:: ASSIGNED TASK ::
Please reproduce the listing word for word. Pictures stay out.

:: DATASET CONTENT ::

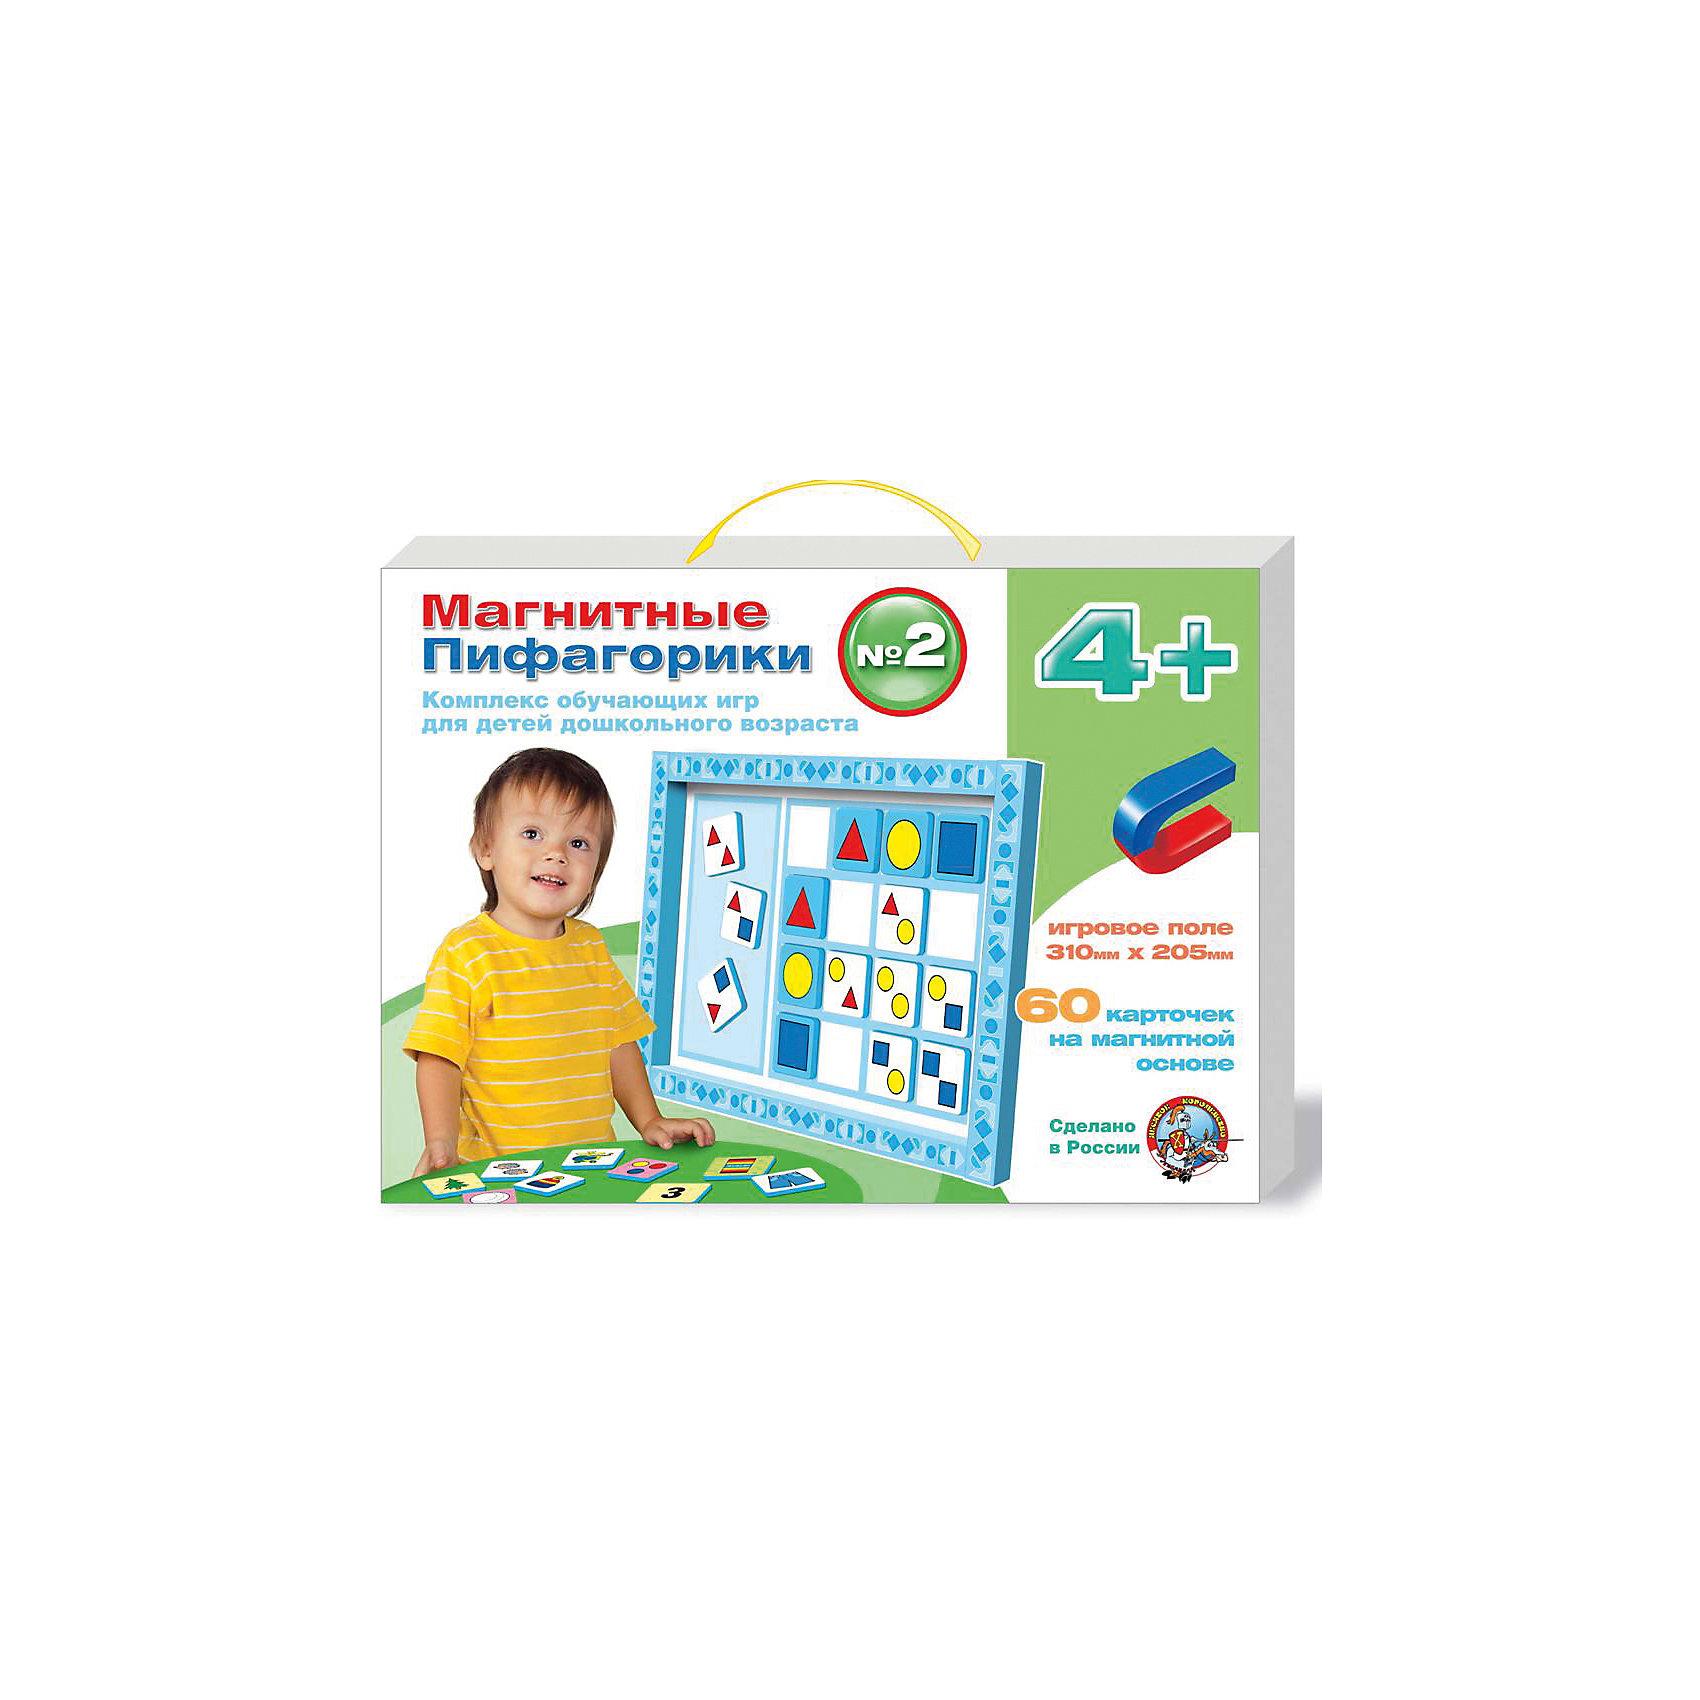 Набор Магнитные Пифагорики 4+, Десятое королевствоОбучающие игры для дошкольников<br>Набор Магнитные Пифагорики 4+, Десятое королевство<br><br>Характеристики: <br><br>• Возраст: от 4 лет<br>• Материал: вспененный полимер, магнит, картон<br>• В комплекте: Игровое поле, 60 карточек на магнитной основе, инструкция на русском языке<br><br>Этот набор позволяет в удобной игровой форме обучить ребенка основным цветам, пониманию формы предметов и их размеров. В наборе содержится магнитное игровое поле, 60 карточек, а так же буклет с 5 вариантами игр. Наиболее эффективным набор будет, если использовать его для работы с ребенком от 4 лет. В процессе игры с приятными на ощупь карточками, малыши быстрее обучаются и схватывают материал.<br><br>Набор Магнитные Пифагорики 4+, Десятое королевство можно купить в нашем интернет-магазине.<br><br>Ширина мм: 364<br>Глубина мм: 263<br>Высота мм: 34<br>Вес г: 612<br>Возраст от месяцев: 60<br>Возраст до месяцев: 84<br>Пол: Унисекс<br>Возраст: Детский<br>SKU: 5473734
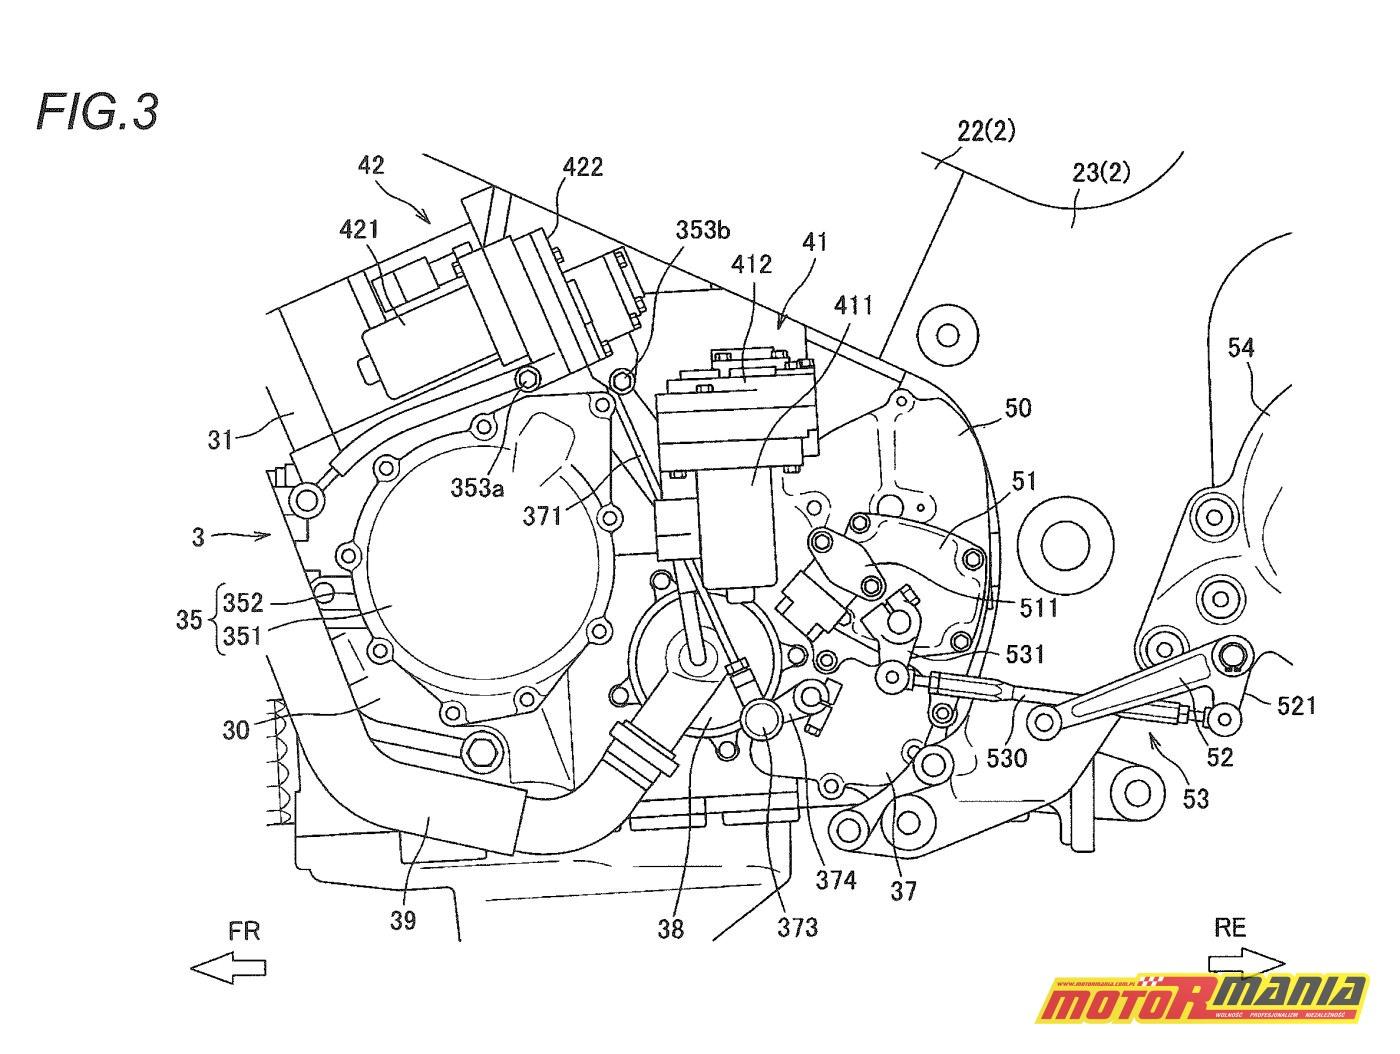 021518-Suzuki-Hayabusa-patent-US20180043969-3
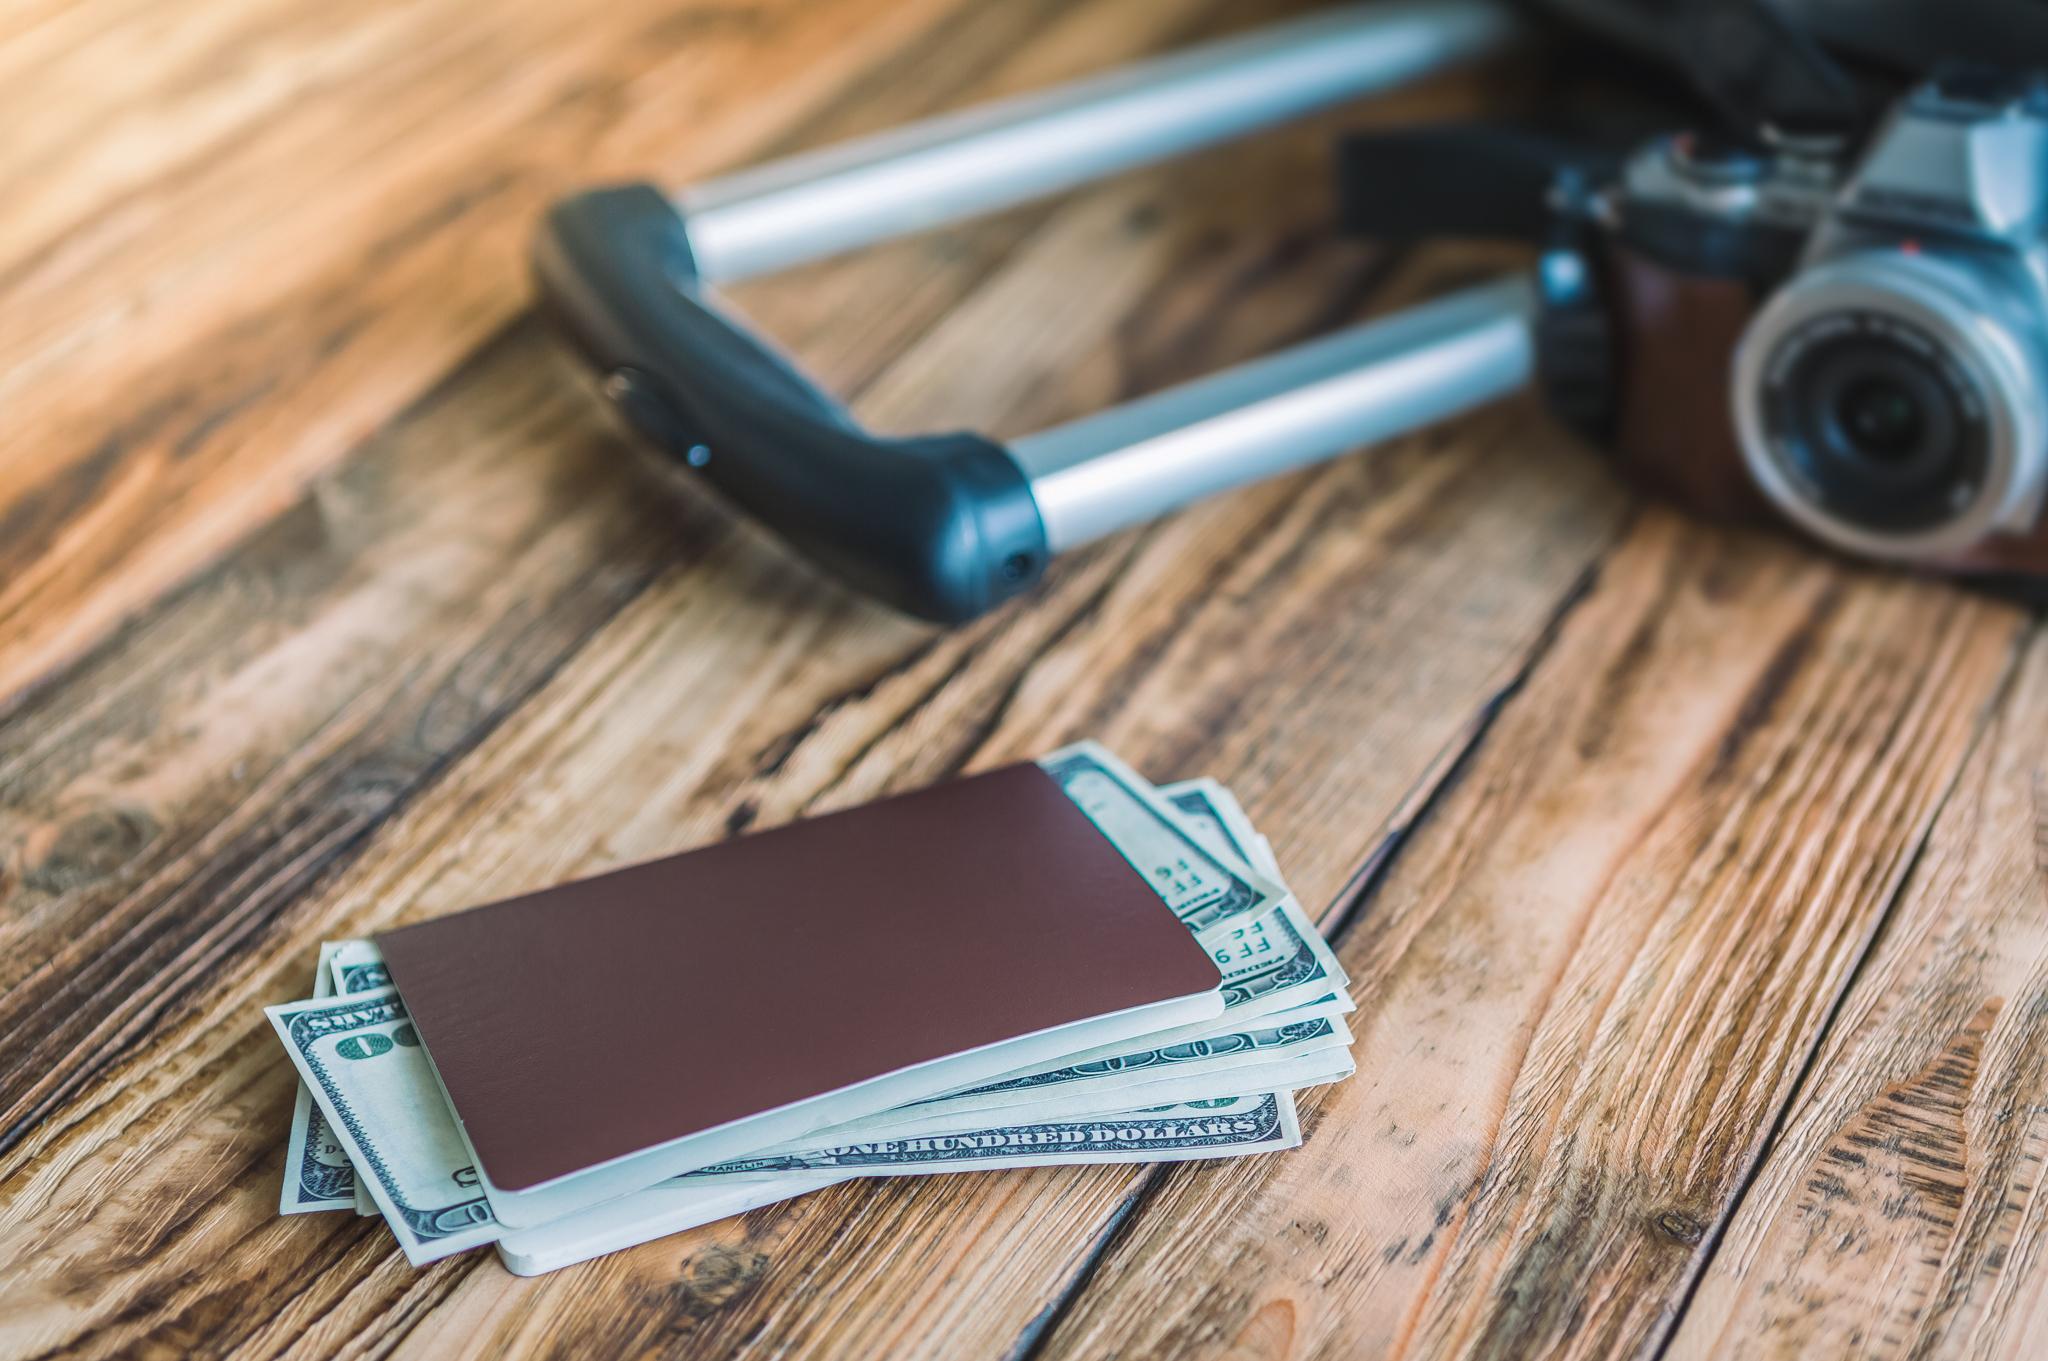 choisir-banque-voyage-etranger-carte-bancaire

:: RESULT OF THE TASK ::
 Набор Магнитные Пифагорики 4+, Десятое королевствоОбучающие игры для дошкольников<br>Набор Магнитные Пифагорики 4+, Десятое королевство<br><br>Характеристики: <br><br>• Возраст: от 4 лет<br>• Материал: вспененный полимер, магнит, картон<br>• В комплекте: Игровое поле, 60 карточек на магнитной основе, инструкция на русском языке<br><br>Этот набор позволяет в удобной игровой форме обучить ребенка основным цветам, пониманию формы предметов и их размеров. В наборе содержится магнитное игровое поле, 60 карточек, а так же буклет с 5 вариантами игр. Наиболее эффективным набор будет, если использовать его для работы с ребенком от 4 лет. В процессе игры с приятными на ощупь карточками, малыши быстрее обучаются и схватывают материал.<br><br>Набор Магнитные Пифагорики 4+, Десятое королевство можно купить в нашем интернет-магазине.<br><br>Ширина мм: 364<br>Глубина мм: 263<br>Высота мм: 34<br>Вес г: 612<br>Возраст от месяцев: 60<br>Возраст до месяцев: 84<br>Пол: Унисекс<br>Возраст: Детский<br>SKU: 5473734
 021518-Suzuki-Hayabusa-patent-US20180043969-3
 choisir-banque-voyage-etranger-carte-bancaire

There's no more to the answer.